Title

Holding responsible without ultimate responsibility: Towards a communitarian defense of compatibilism

Date of Award

2004

Degree Type

Dissertation

Degree Name

Doctor of Philosophy (PhD)

Department

Philosophy

Advisor(s)

Michael Stocker

Keywords

Responsibility, Communitarian, Compatibilism, Determinism, Moral responsibility

Subject Categories

Arts and Humanities | Philosophy

Abstract

My dissertation defends a non-standard compatibilist position that begins with the rarely asked question, "What does it take to have a claim to exemption against other members of the moral community?". Emphasizing this question allows me to acknowledge that "true" moral responsibility is incompatible with determinism, while denying that determinism therefore undermines the legitimacy of holding people morally responsible.

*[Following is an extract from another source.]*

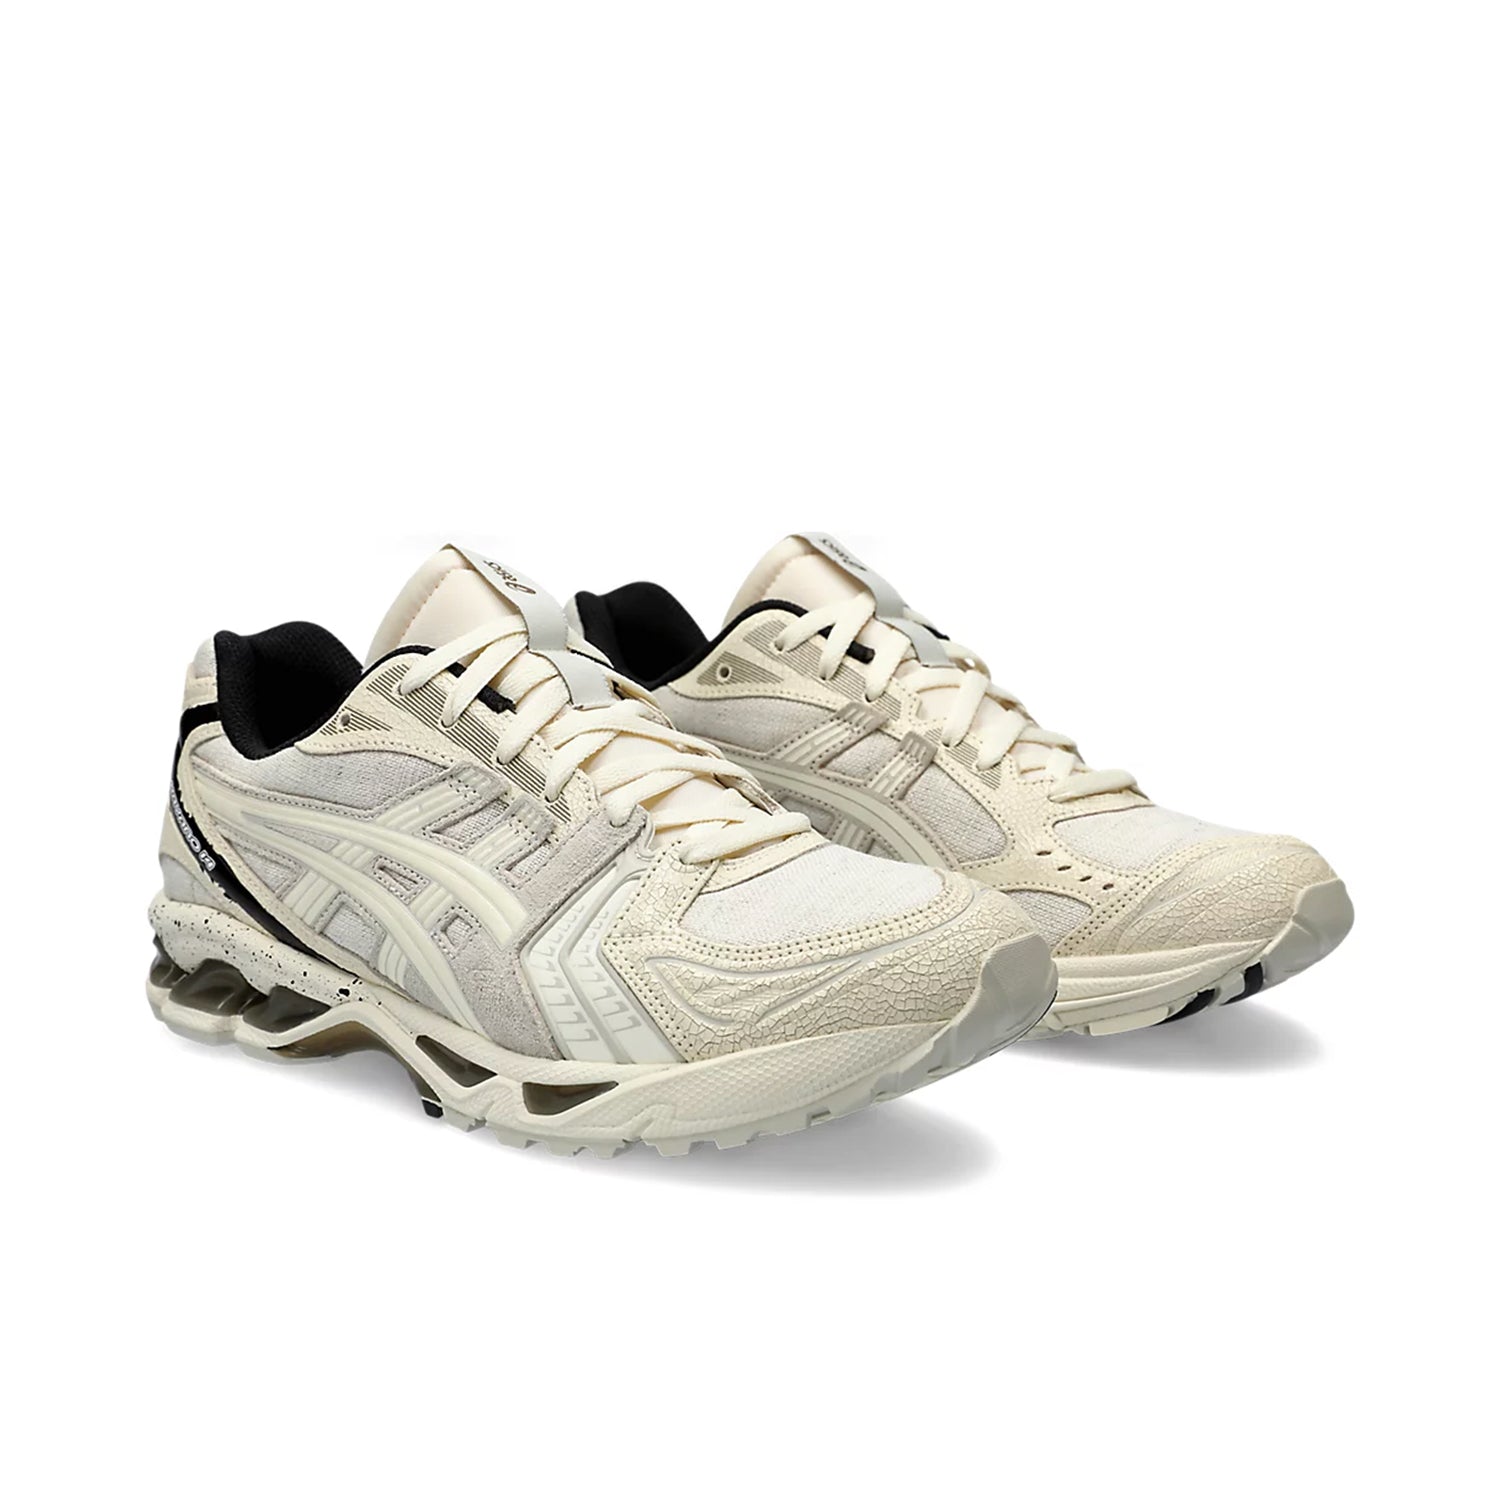 Gel-Kayano 14 Imperfection - INVINCIBLE

What motivates this position, in part, is the failure of leading compatibilist accounts to come to grips with the so-called problem of induced desires. The problem is that such desires seem to undermine responsibility, while the most straightforward explanation for this would undermine compatibilism. Pereboom develops this problem into a powerful case for the dependence of moral responsibility on ultimate responsibility . Since the latter notion is clearly incompatible with determinism, I conclude, so is genuine moral responsibility.

I argue that Pereboom's challenge, with slight modifications, is effective against the compatibilist accounts of Fischer and Ravizza, and R. Jay Wallace, respectively. These accounts are innovative in that they strategically withdraw the traditional compatibilist claim to free will, the better to defend a compatibilist conception of moral responsibility. I conclude that compatibilists must draw the line farther back still: not between free will and moral responsibility, but between (true) moral responsibility and legitimately holding responsible.

Wallace has already taken a step in this direction by making the question, "When is it appropriate to hold someone morally responsible?" prior to that of, "When is someone morally responsible?" But, I argue, successfully meeting Pereboom's challenge requires understanding this question in terms of when someone has a legitimate claim to exemption against others, and then arguing that this requires more than just not being (truly) responsible. In some cases, I suggest, the demand for exemption can compound the presumption of insufficient moral concern created by the initial breach, and that when this happens, the moral community is within its rights to reject the demand.